You've already trained Fido to sit, stay, fetch and roll over. But what if, for some crazy reason, you needed Fido to do something but you were unable to give him verbal commands?
It's something researchers at Alabama's Auburn University are working on. Mechanical engineers Jeff Miller and David Bevly have developed a device they say can help dogs "hear" commands that are delivered electronically by a human with a controller.
The device is a pack worn on the back of a dog that consists of a microprocessor, wireless radio, GPS receiver and something called an "attitude and heading reference system," according to a report in gizmag. A command module on the pack delivers vibrational and audio tone cues that the dog has been trained to respond to.

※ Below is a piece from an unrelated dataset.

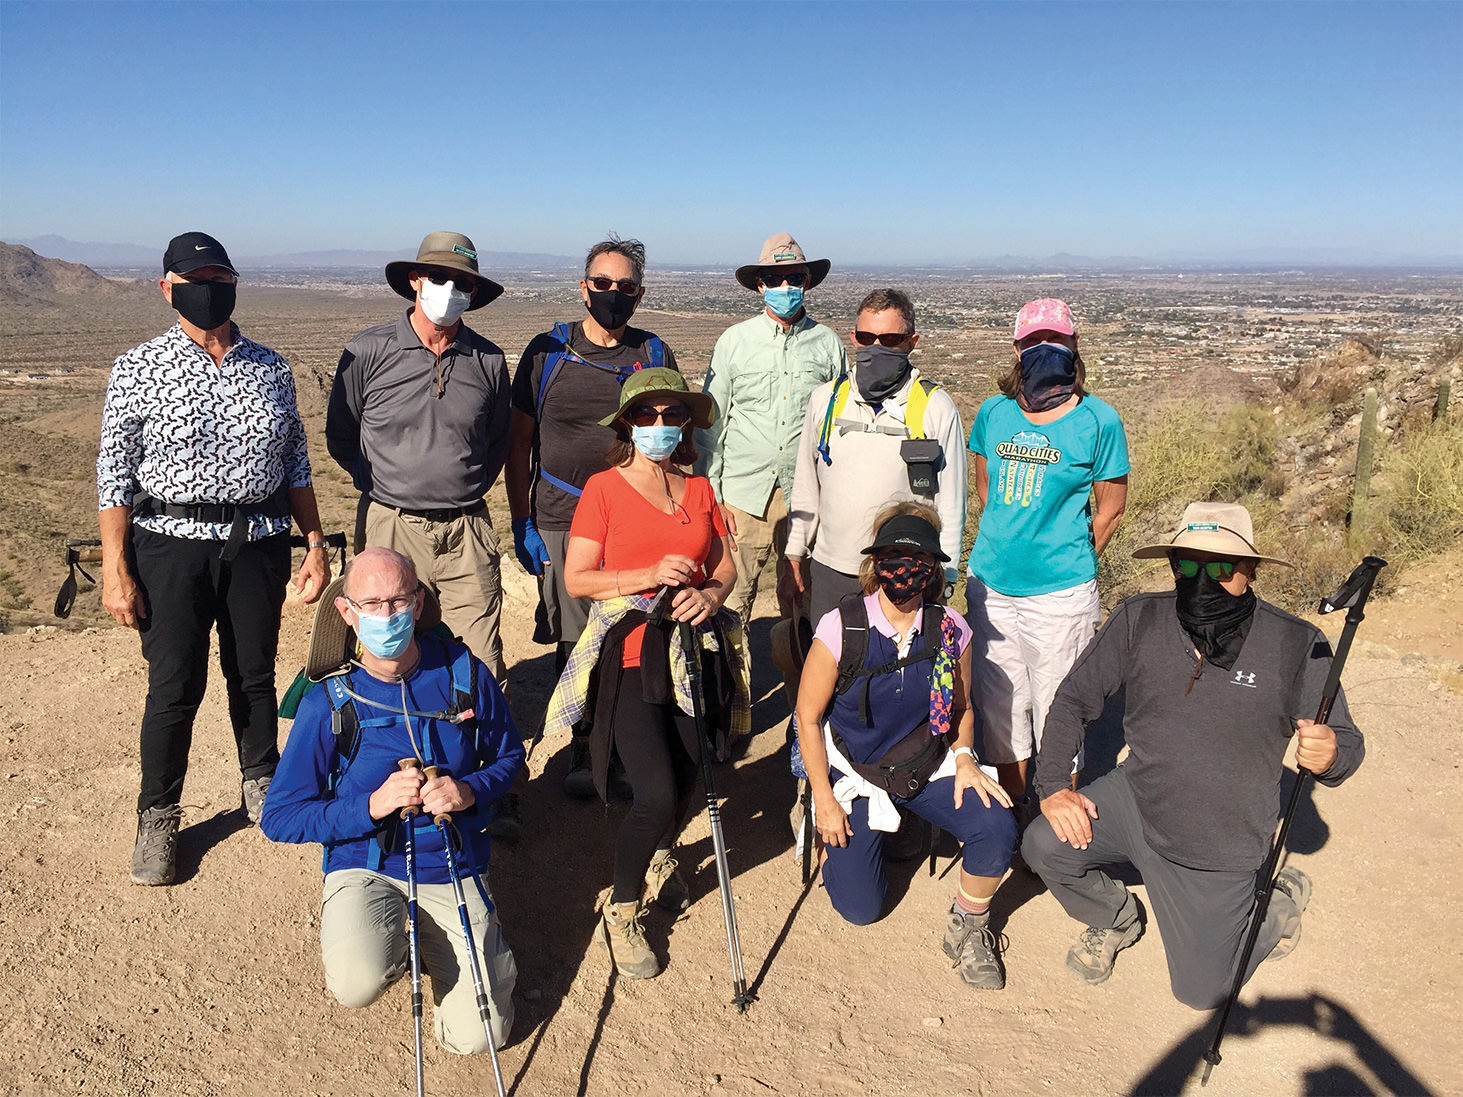 Club hikers atop Goldmine Ridge in San Tan Regional Park; pictured (left to right) front row: Stu Frost, Fabiola Scotto, Dawn Kain Bjustrom, and Tom Scotto; back row (left to right): Barb Smith, Scott Downey, David Coffman, Gaary Breitbach, Jack Rubino, and Kitch Trost

While something like this might be a bit much for the family dog, it could someday be useful for canines used in rescue missions where voice commands aren't possible or by police for drug busts and other types of arrests.
"An eventual goal of the work would be to not only guide the canine to a predetermined location, but also to be able to recognize when a canine detects something of interest," Miller and Bevly wrote in their 160-page dissertation on the device. "For example, the canine could demonstrate some known response (walking in a circle or sitting down) upon detecting narcotics."
Tests of the device show accuracy of obedience of almost 87 percent, gizmag says.
Development is still under way. But I want to know: Will this someday steer Fido to retrieving my lost socks and morning paper with nothing more than a click of a remote control? Hands down that'd be cooler than robotic cockroaches, right?